Алексей Макеев - Таежная полиция
Лошадь лежала, вздрагивая боками и тужась поднять голову. Выпуклые глаза бешено вращались, а изо рта шла красная пена.
– Что же с тобой такое, подруга? – с сожалением сказал Гуров вслух. – Всего ничего проскакали…
В глаза сыщику бросилось темное пятно. Кровь. Из-под туши вытекала, смешиваясь с землей и травой, кровь. Сердце у Гурова сжалось. Лошадь было жалко: наверняка в нее попала пуля, а может, и не одна, когда вслед стреляли. И не потому, что теперь не на чем ехать, а потому, что придется ее бросить тут, беспомощную. Ее бы пристрелить, чтобы не мучилась… Хищники ведь живьем раздерут.
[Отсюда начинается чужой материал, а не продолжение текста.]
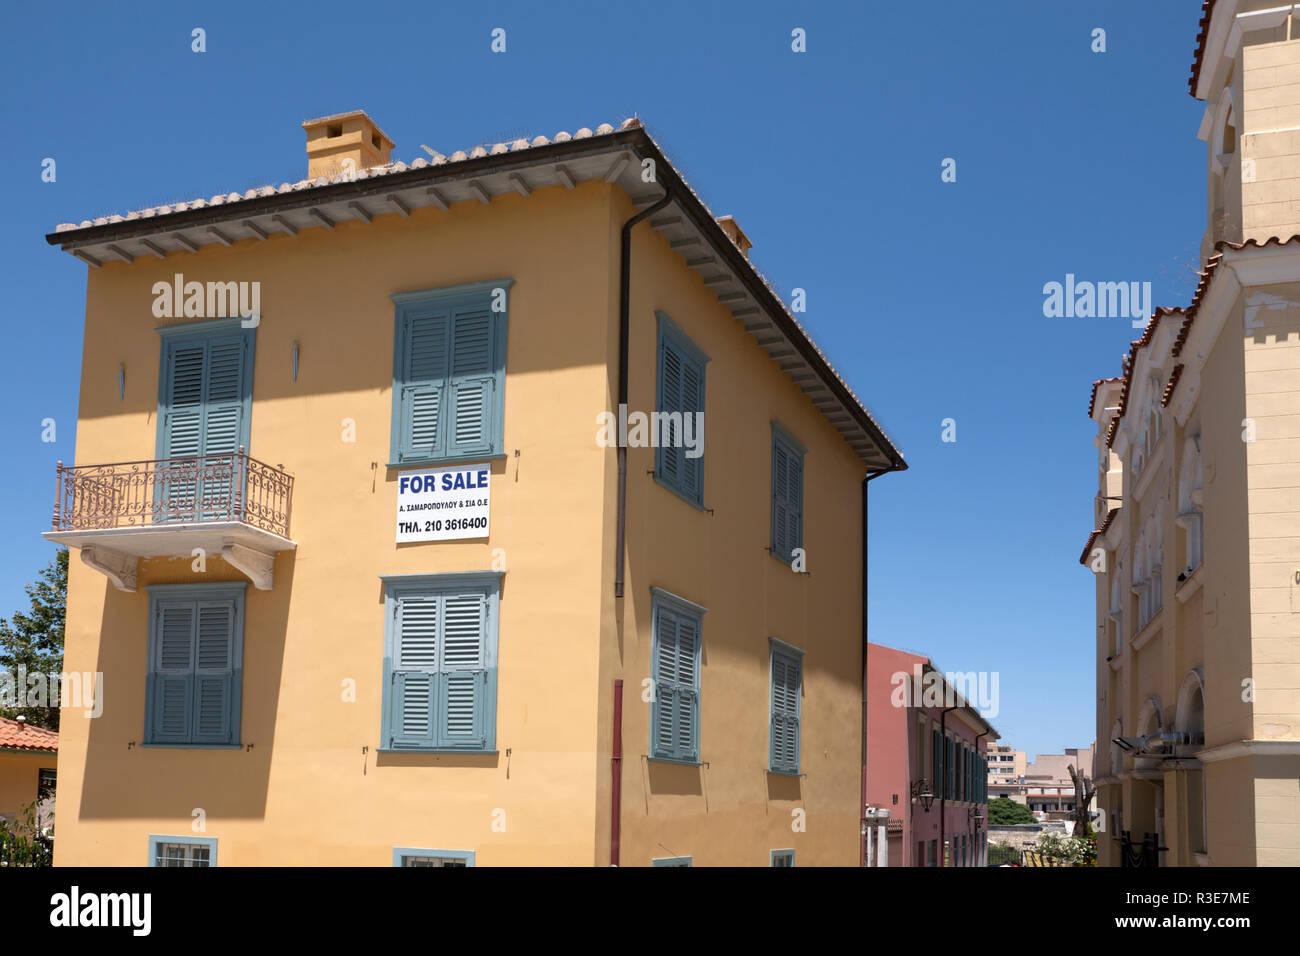 house for sale monastiraki athens greece - Stock Image

Гуров уселся на землю и, морщась, как будто сам испытывал боль, смотрел на умирающее животное. Продолжалось все минут тридцать. Сначала перестали подергиваться ноги, потом и голова не стала подниматься. Потом бока задрожали мелкой дрожью, дыхание животного стало поверхностным и частым. Потом короткий стон – все.
Поднявшись на ноги, сыщик осмотрелся по сторонам. Если идти в город, то направление понятно. Сутки или двое поголодать, и можно дойти, не страшно. А вот девушки как? Алину Гуров потерял из виду почти сразу, а спина Татьяны долго маячила перед ним впереди. «Хотя бы ее найти, – подумал Гуров. – Алина как-то упоминала, что часто ездила верхом, может, и обойдется с ней. Лишь бы не сглупила и не стала нас искать. В положении Алины самое мудрое – двигаться в сторону города или железной дороги, как я и советовал. Значит, надо попытаться поискать следы лошади Татьяны. Эта блондинка совсем не наездница, как бы с ней беды не случилось. Уж Татьяна-то в тайге самостоятельно не выживет».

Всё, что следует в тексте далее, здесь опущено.